2. Regarding the Equation of States (EOS) used to calculate these curves: (1) Fe-alloy in the core is assumed to be liquid, just as the Earth's outer core, which dominates over the solid inner core. Solid inner core likely grows from the solidification of the liquid outer core over time, and more massive planets likely possess liquid core due to higher heat content. (2) Mg-silicates are assumed to be solid, just as the Earth's mantle. Both Fe and Mg-silicates are extrapolated from the Seismically-determined Density Profile of the Earth (Preliminary Reference Earth Model, known as PREM). (3) H2O is assumed to be in solid phase (Ice Ih, Ice III, Ice V, Ice VI (Chaplin's website), Ice VII (Frank et al. 2004 (PDF)), Ice X (French et al. 2009 (PDF))) along its melting curve. (4) Cold "zero-temperature" H2/He EOS is used for the calculation (Seager et al. 2007 (PDF)). (5) At extremely high pressure, modified Thomas-Fermi-Dirac EOS (Salpeter & Zapolsky 1967 (PDF), Zapolsky & Salpeter 1969 (PDF)) is assumed for all components.

3. The maximum collisional stripping curve is interpolated from Marcus et al. (2010) (PDF).

 

 

Models of Planet Interiors

 


(1) Numerical Model:

Manipulate Planet

Manipulate Planet numerically solves the interior structure of a planet based on the Equation of State (EOS) extrapolated from Earth's Seismic Density Profile (PREM). Require the free Wolfram CDF player. You might need to grant your browser's security permission to allow it to run. If it fails to load in your web browser, try open it in Firefox. (updated 2015/12)

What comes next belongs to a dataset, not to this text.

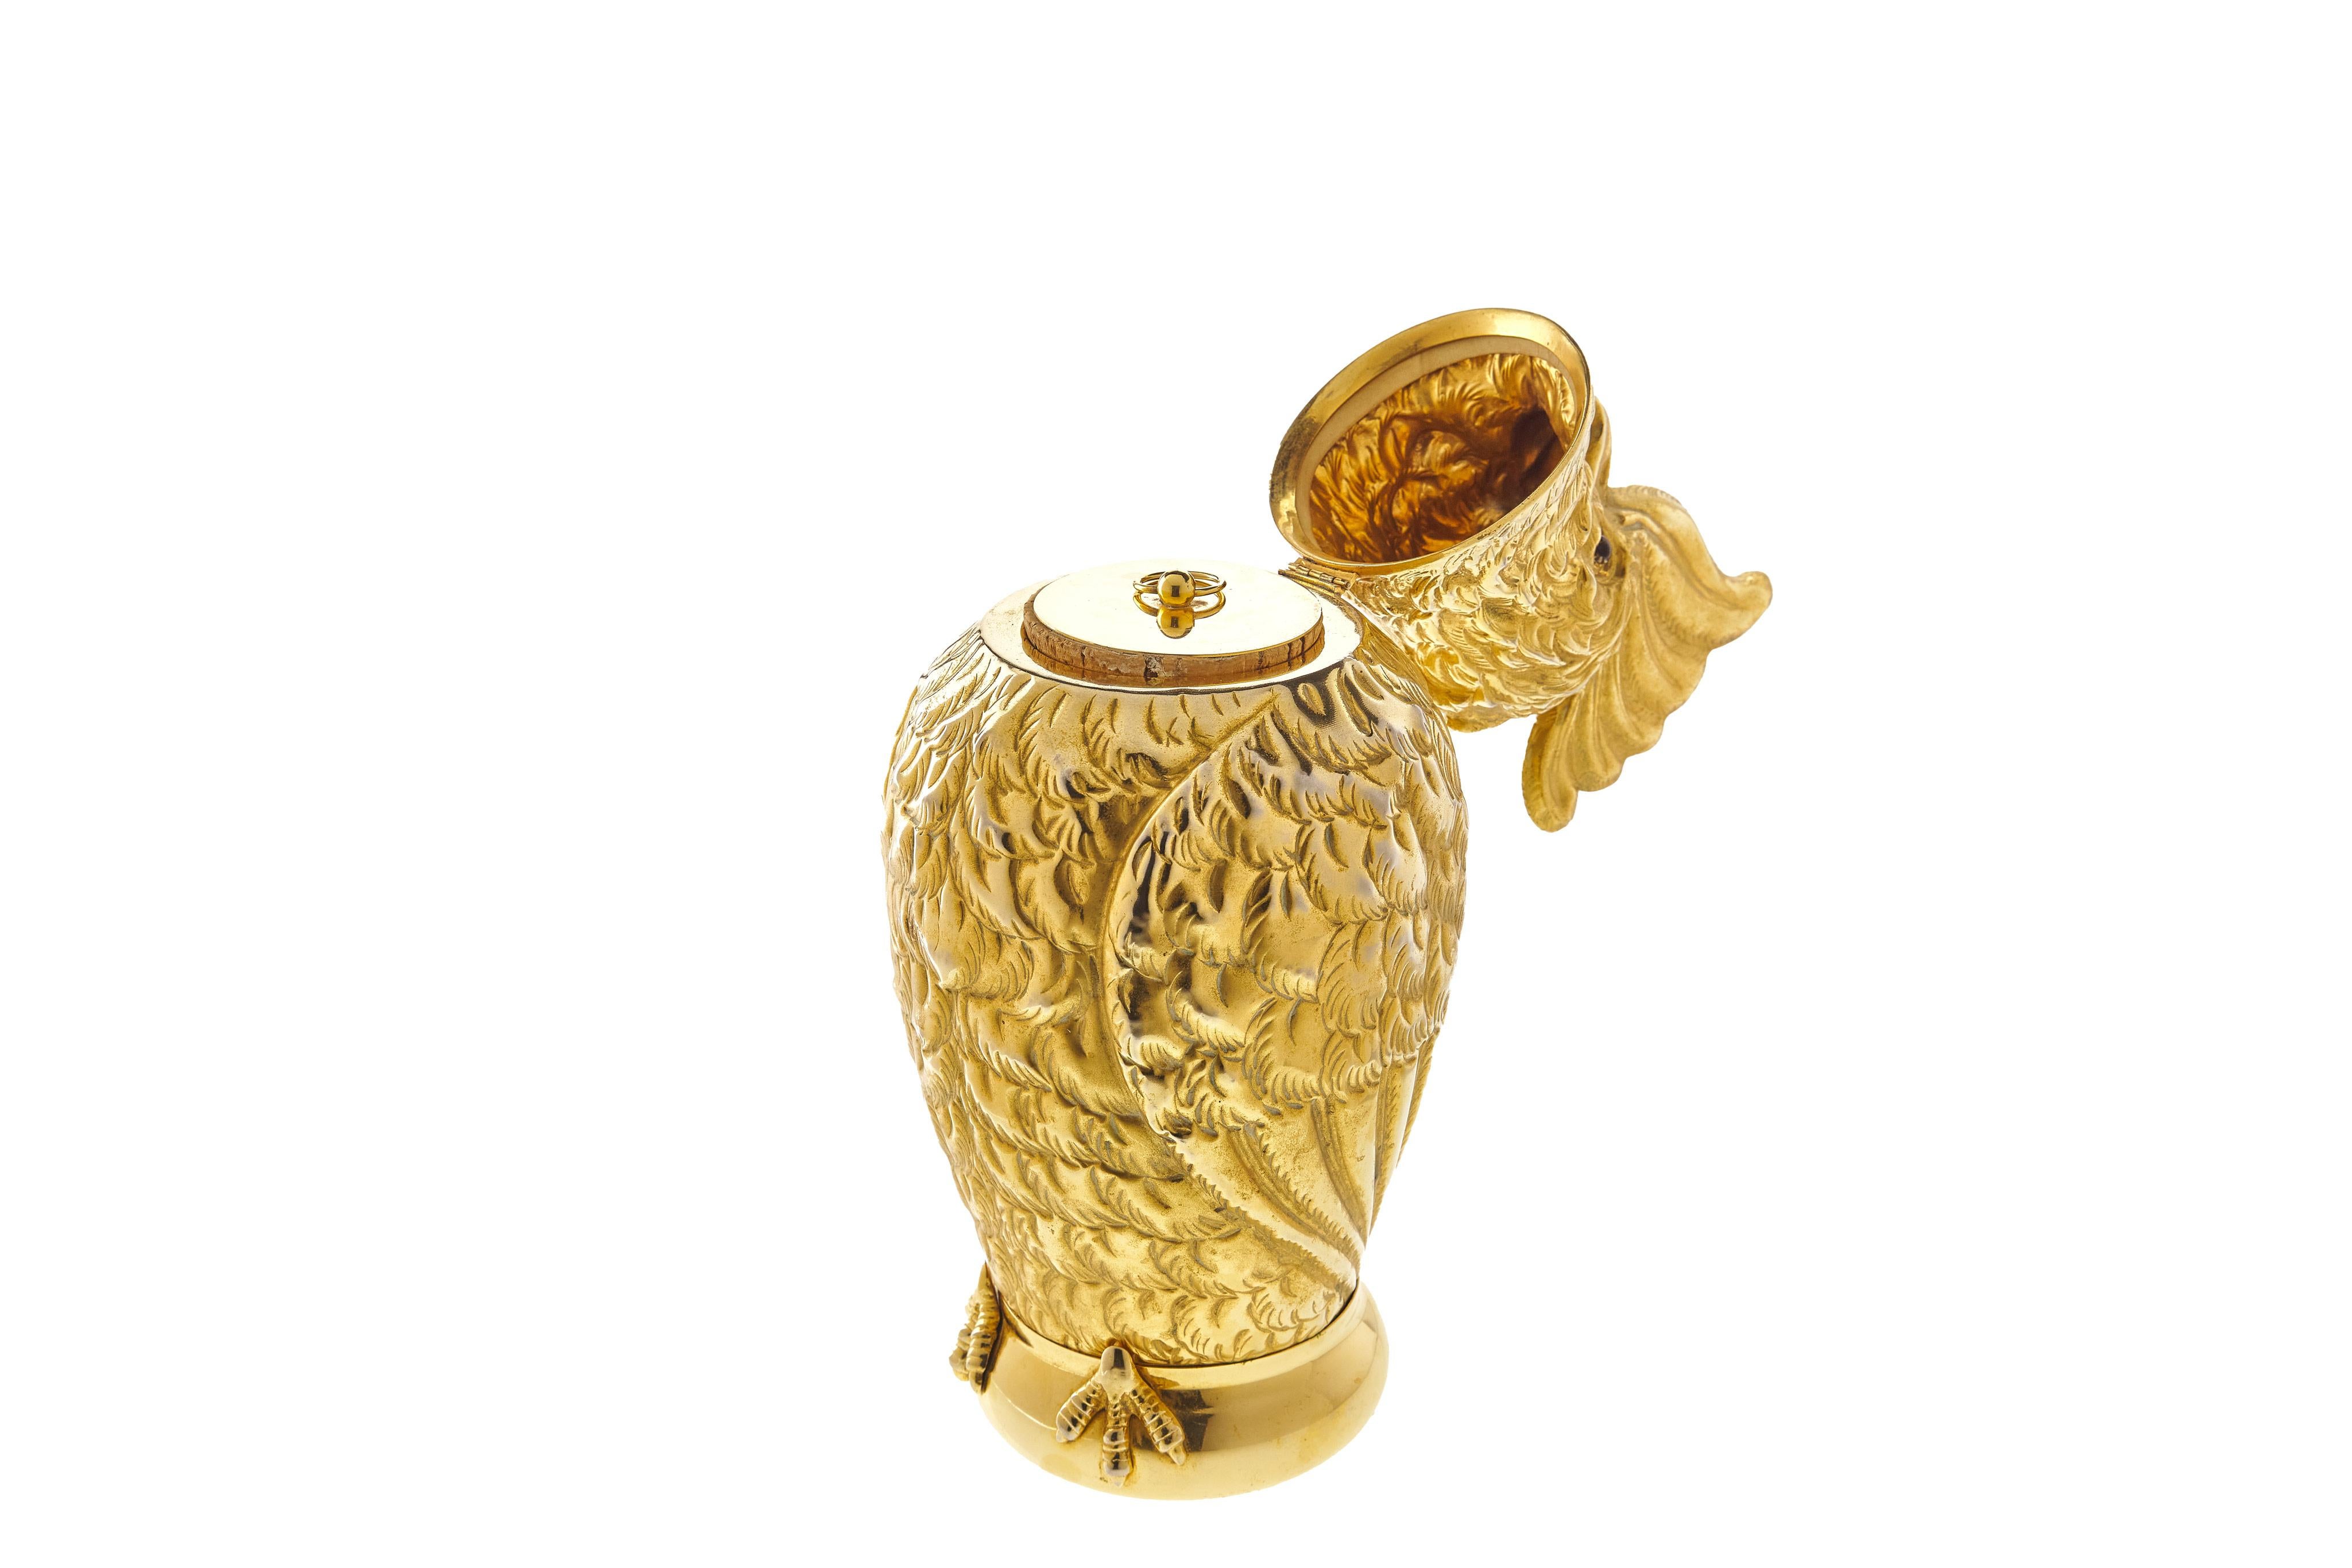 A rare figural cockatoo humidor by Mark Cross, in a gilt-metal. Featuring glass eyes and cork seal

To access the tool, please click the diagram below:

 

 

cite as:

(1) Mass-Radius Relation for Rocky Planets based on PREM”. Li Zeng, Dimitar D. Sasselov, and Stein B. Jacobsen. ApJ, 819, 127, 2016. (ADS link) (PDF)

(2) “A Detailed Model Grid for Solid Planets from 0.1 through 100 Earth Masses”. Li Zeng and Dimitar D. Sasselov. PASP, 125, 227, 2013. (ADS link) (PDF)

 

Note for Manipulate Planet:

1. The latest version of Wolfram CDF Player is available free for download at www.wolfram.com/cdf-player/, which may require the input of your institution's name and email.

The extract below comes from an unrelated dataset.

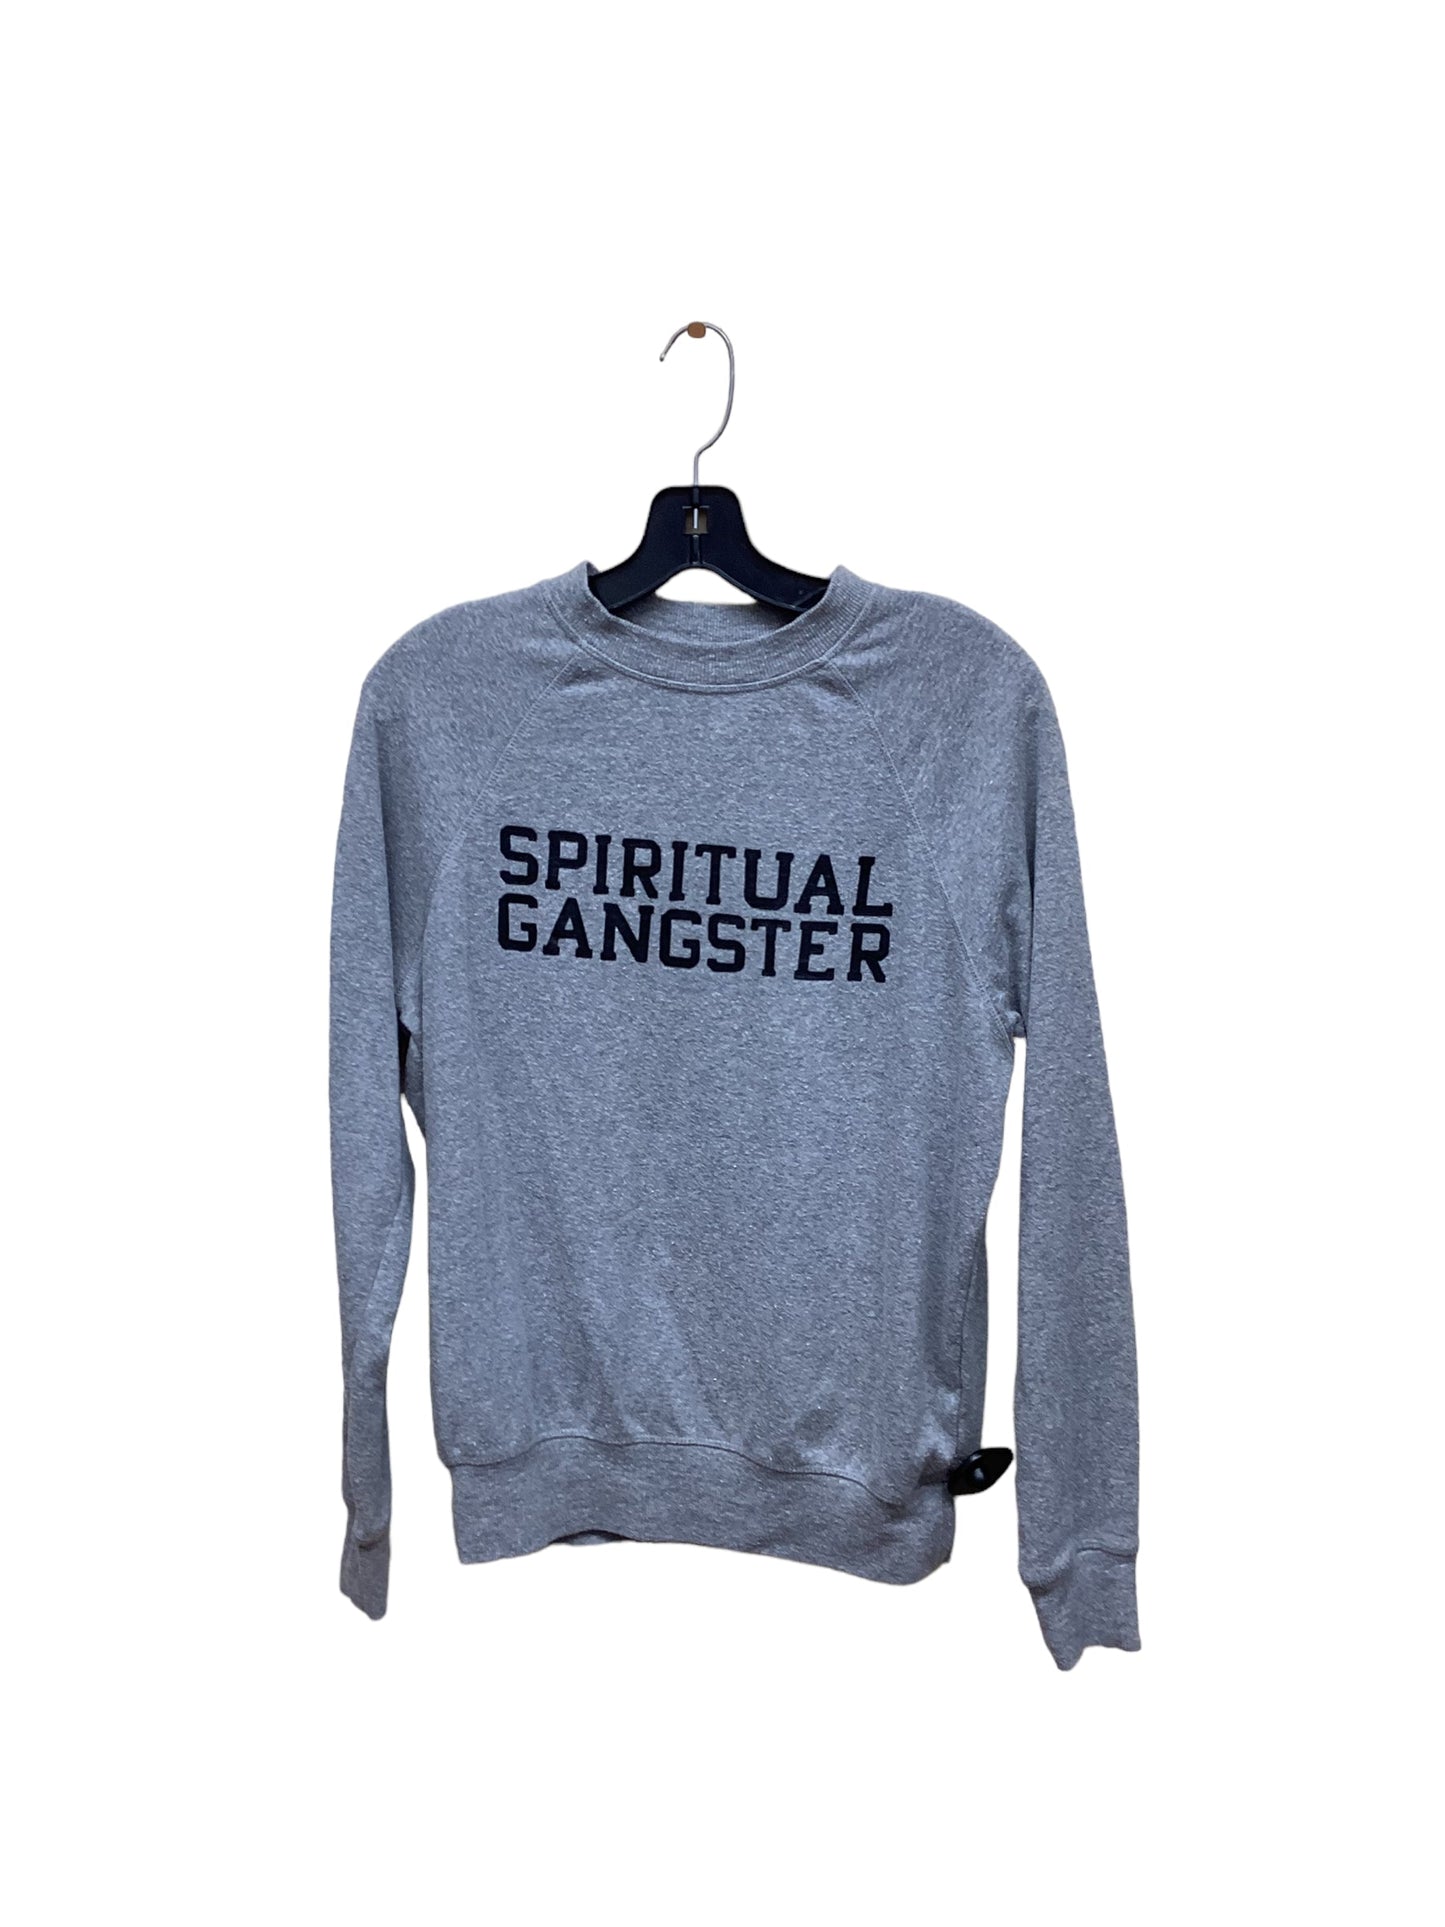 Sweater By Spiritual Gangster  Size: S

2. If Manipulate Planet fails to load in your web browser, try open it in Firefox.

3. You might need to click "Enable Dynamics" at the upper right-hand corner when necessary, to allow the tool to display properly in your web browser.

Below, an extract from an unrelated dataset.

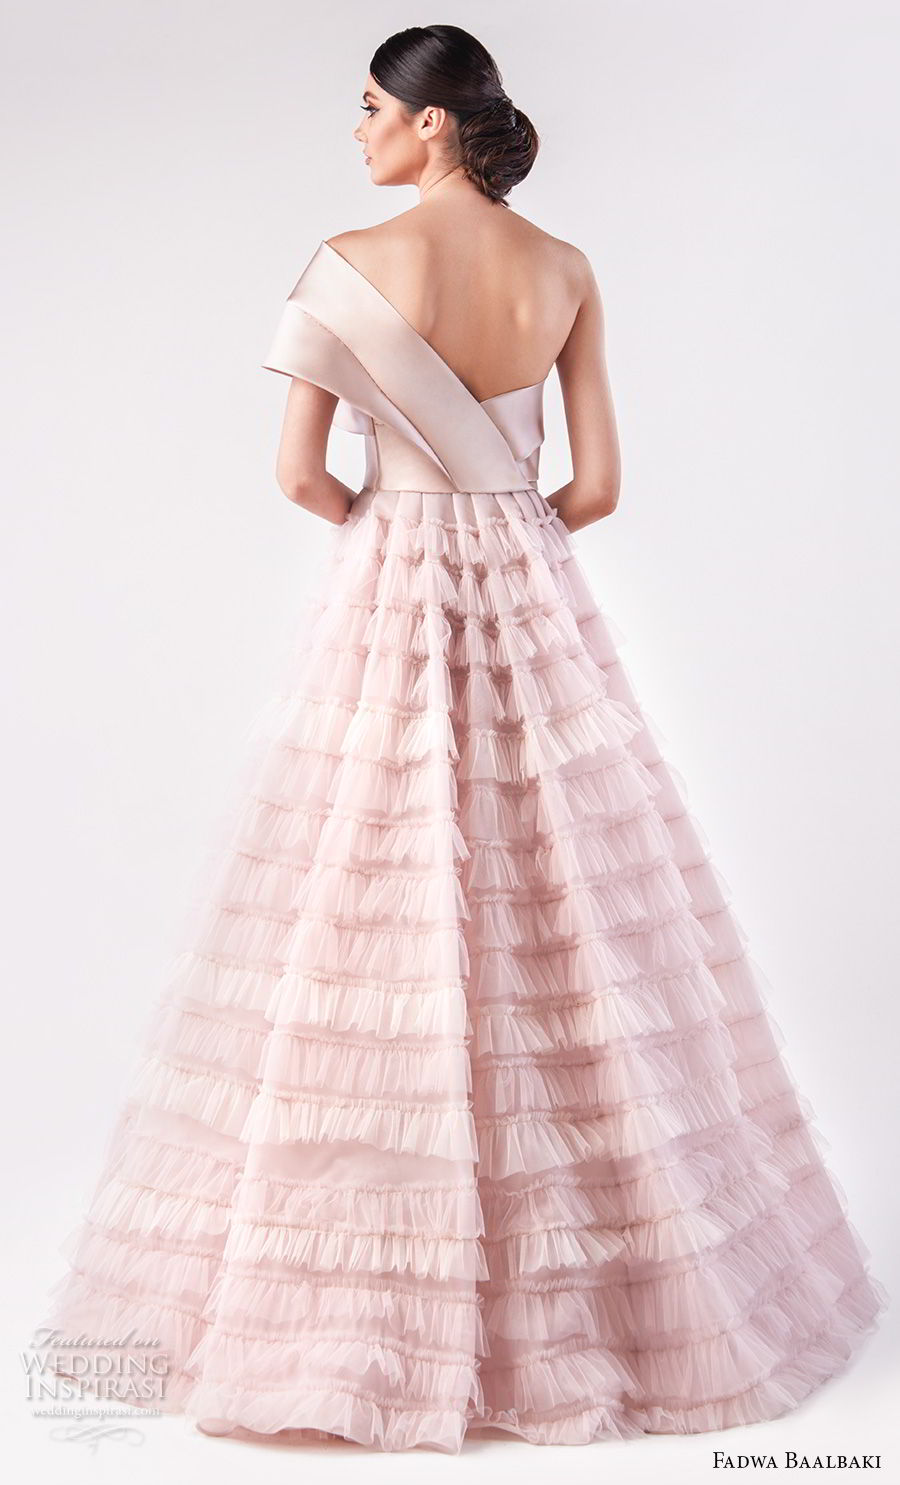 fadwa baalbaki spring 2018 couture one shoulder tiered bodice ruffled skirt romantic pink a  line wedding dress (7) bv

4. Please be patient, the tool sometimes might take a while (up to ~30 seconds) to initialize and load in your web browser. If it runs too slow, try relaunch your web browser or restart your computer.

5. When you click the Locator (Locator refers to the Target-shaped object which can be dragger around by your mouse to any desired location. It is where the calculation actually takes place.), please wait one second before dragging it around, to allow it enough time to respond. DO NOT release the click during the entire dragging process until the Locator is moved to the desired location in the mass-radius diagram.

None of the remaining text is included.